* [Requirement]:
Please transcribe the data below exactly. Leave the pictures out.

* [Input data]:
******

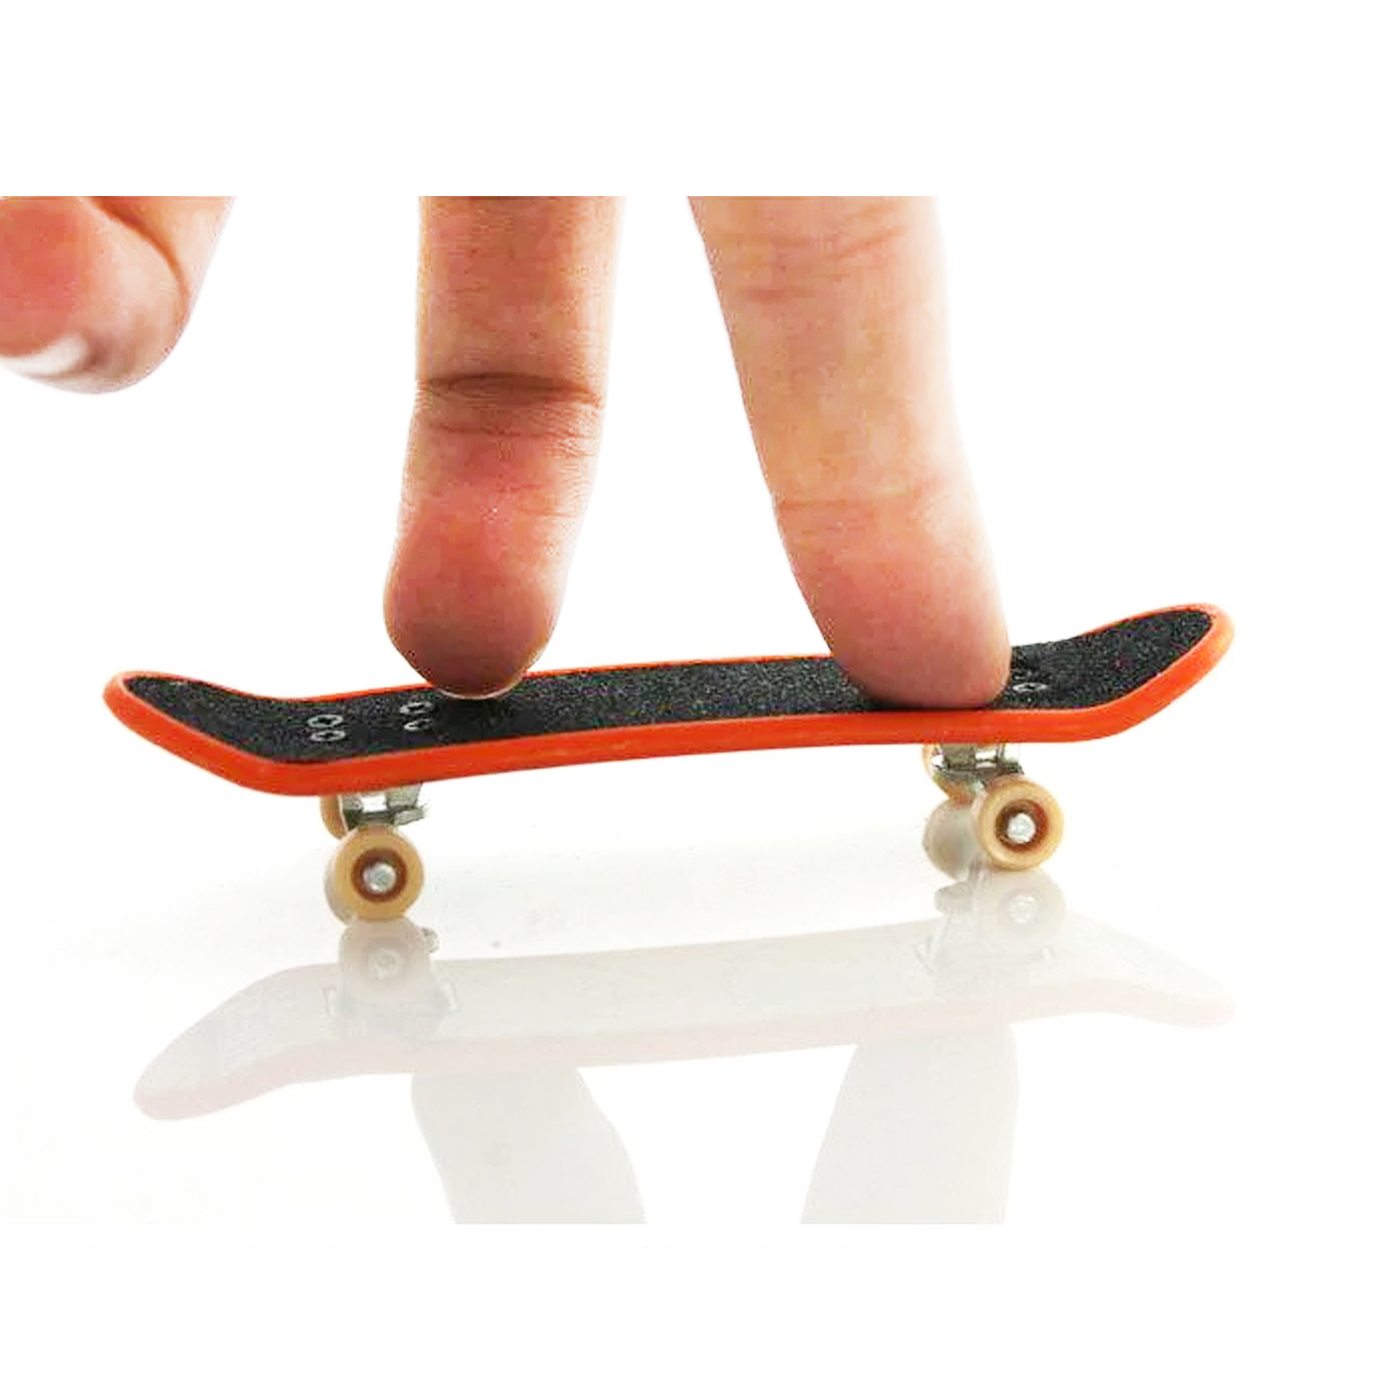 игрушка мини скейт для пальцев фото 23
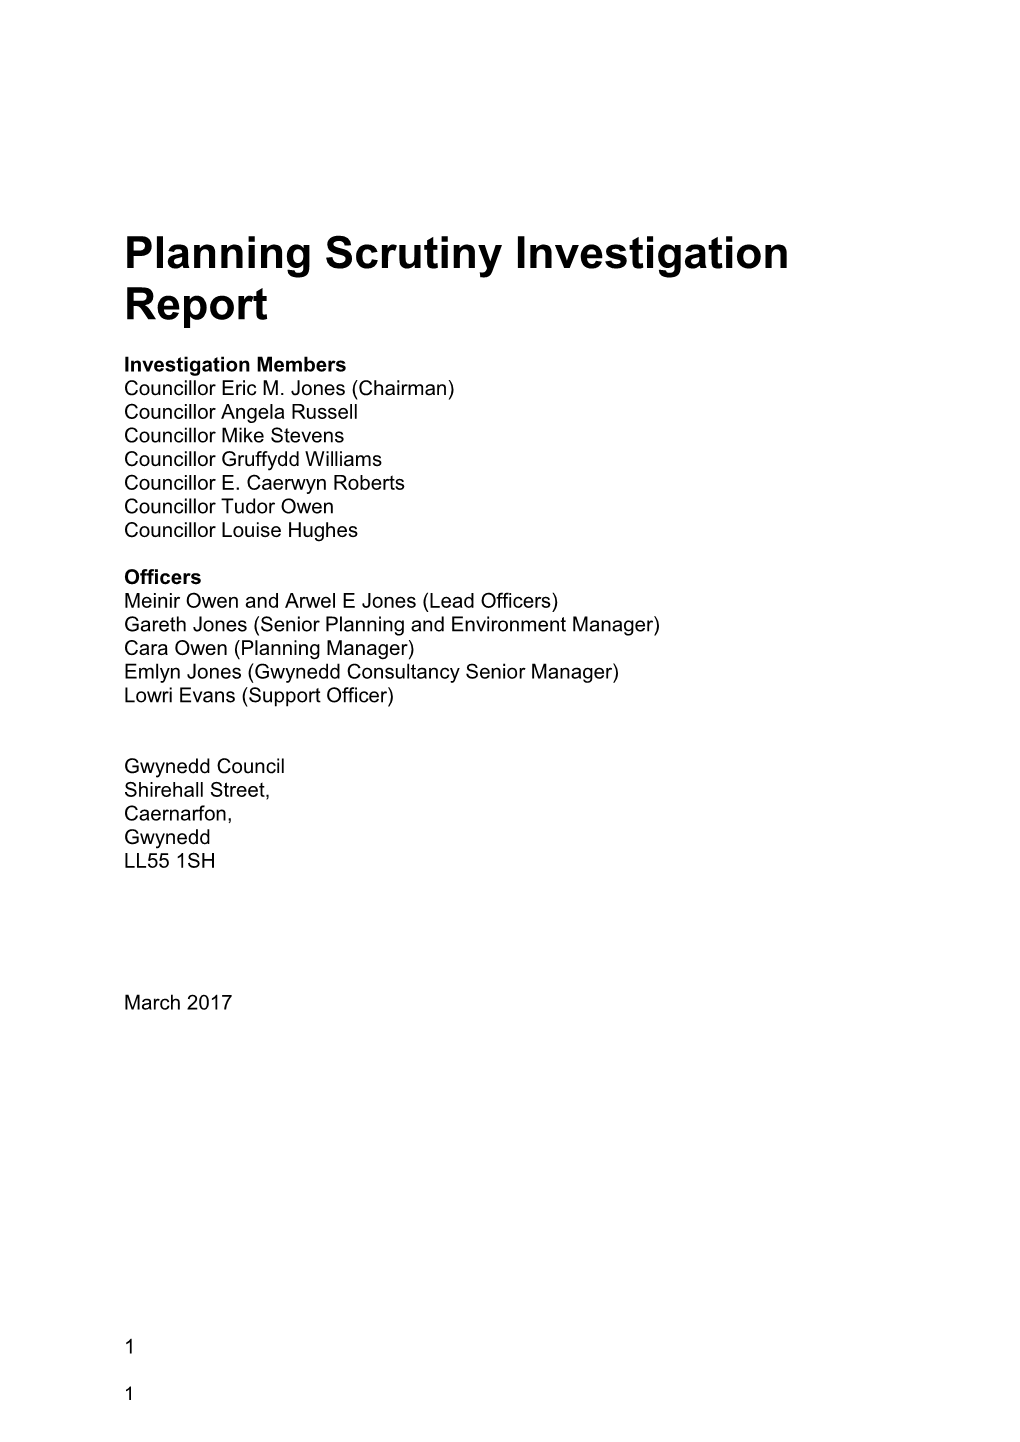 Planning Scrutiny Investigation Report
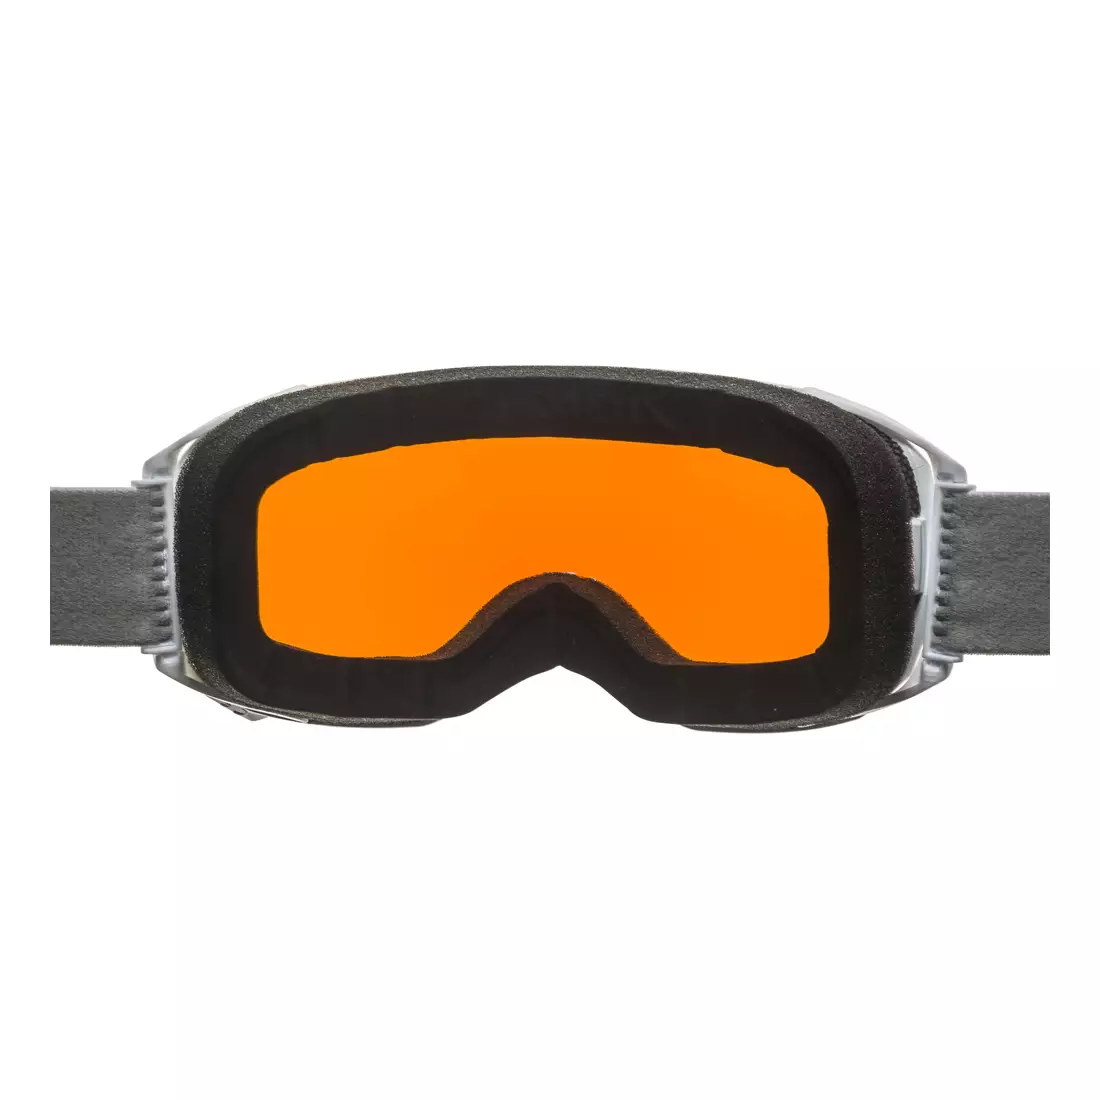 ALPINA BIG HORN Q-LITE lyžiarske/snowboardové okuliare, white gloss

******

* [Response to this exercise]:
 игрушка мини скейт для пальцев фото 23
 Planning Scrutiny Investigation Report
 ALPINA BIG HORN Q-LITE lyžiarske/snowboardové okuliare, white gloss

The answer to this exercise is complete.